Track 4 - Large-scale Applications
Track
Co-Champions: SteveRay & TrishWhetzel
Mission Statement:
This track will help to ground the discussions in the other tracks and
bring key challenges to light by describing current large-scale systems
and systems of systems that either use, or could use, ontologies in
their deployment. "Large-scale" can mean either very large data sets,
very complex data sets, federated systems, highly distributed systems,
or real-time, continuous data systems. Examples of large data sets
might include scientific observations and studies; complex data sets
could be technical data packages for manufactured products, or
electronic health records; federated systems could include information
sharing to combat terrorism, highly distributed systems includes items
such as the smart electrical grid (aka Smart Grid), and real-time
systems include network management systems. Of course, some big systems
might include all five aspects.
Teleconferences
Date |
Title |
Chairs |
Panelists |
2012_02_16 |
Track-4:
"Large-Scale Domain Applications¨CI: Energy, Government and Geography" |
SteveRay & TrishWhetzel |
AndrewCrapo, KrzysztofJanowicz, BruceBauman, MillsDavis |
2012_03_08 |
Track-4:
"Large-Scale Domain Applications¨CII: Biomedical, earth &
environmental science & engineering" |
TrishWhetzel & SteveRay |
DavidPrice, MikeKellen, DamianGessler, BlazejBulka, IlyaZaslavsky, LinePouchard |
Track 4 - Large Scale Applicaion
Synthesis
In implemented systems, ontologies are...
- Strong for:
- Supporting change and aggregation
- Enabling community aggregation, annotation
- Automated data ingestion
- Data validation
- Ensuring consistency of terms across many data sets
(Distributed systems)
- Supporting reasoning
- Self describing systems
- Systems with many complex constraints, rules, laws,
with frequent changes (Dynamically changing systems)

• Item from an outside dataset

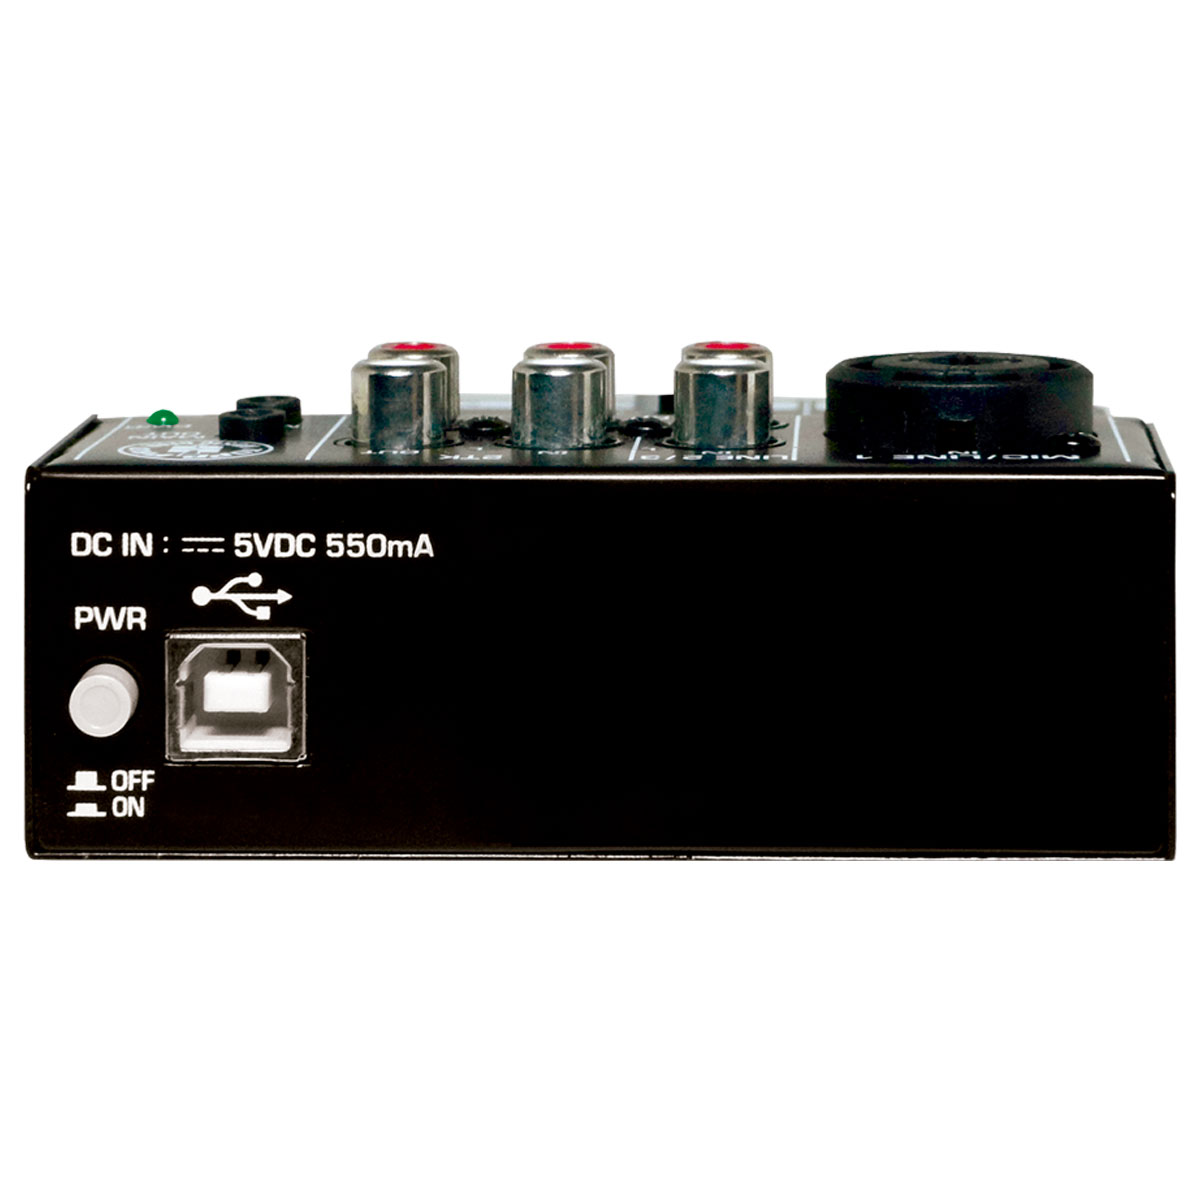 MX3BT - Mesa de Som / Micro Mixer 3 Canais c/ Bluetooth e USB MX 3 BT - CSR

- Data mining / semantic signature extraction
- Rapid system building
- Weak for:
- Being understandable by software engineers and
customers
- Query performance (compared to relational databases)
Needs:
- Need better standards for common elements:
- Datatypes
- Ontology patterns (e.g. whole/part patterns)
- Collect ontological primitives from observation data
- Need repositories
- Repositories of ontological patterns could be more
useful than repositories of ontologies
- Need industrial strength semantic services resident in the
cloud
- Need better visualization tools and approaches
- Need better tools to help interpret legacy systems,
transform into semantic systems.
- Need to establish feedback mechanisms from end users to
ontology designers directly from point of use.
Recommendations:
- Expose users to SKOS semantics; use more complicated
constructs only on back end if necessary.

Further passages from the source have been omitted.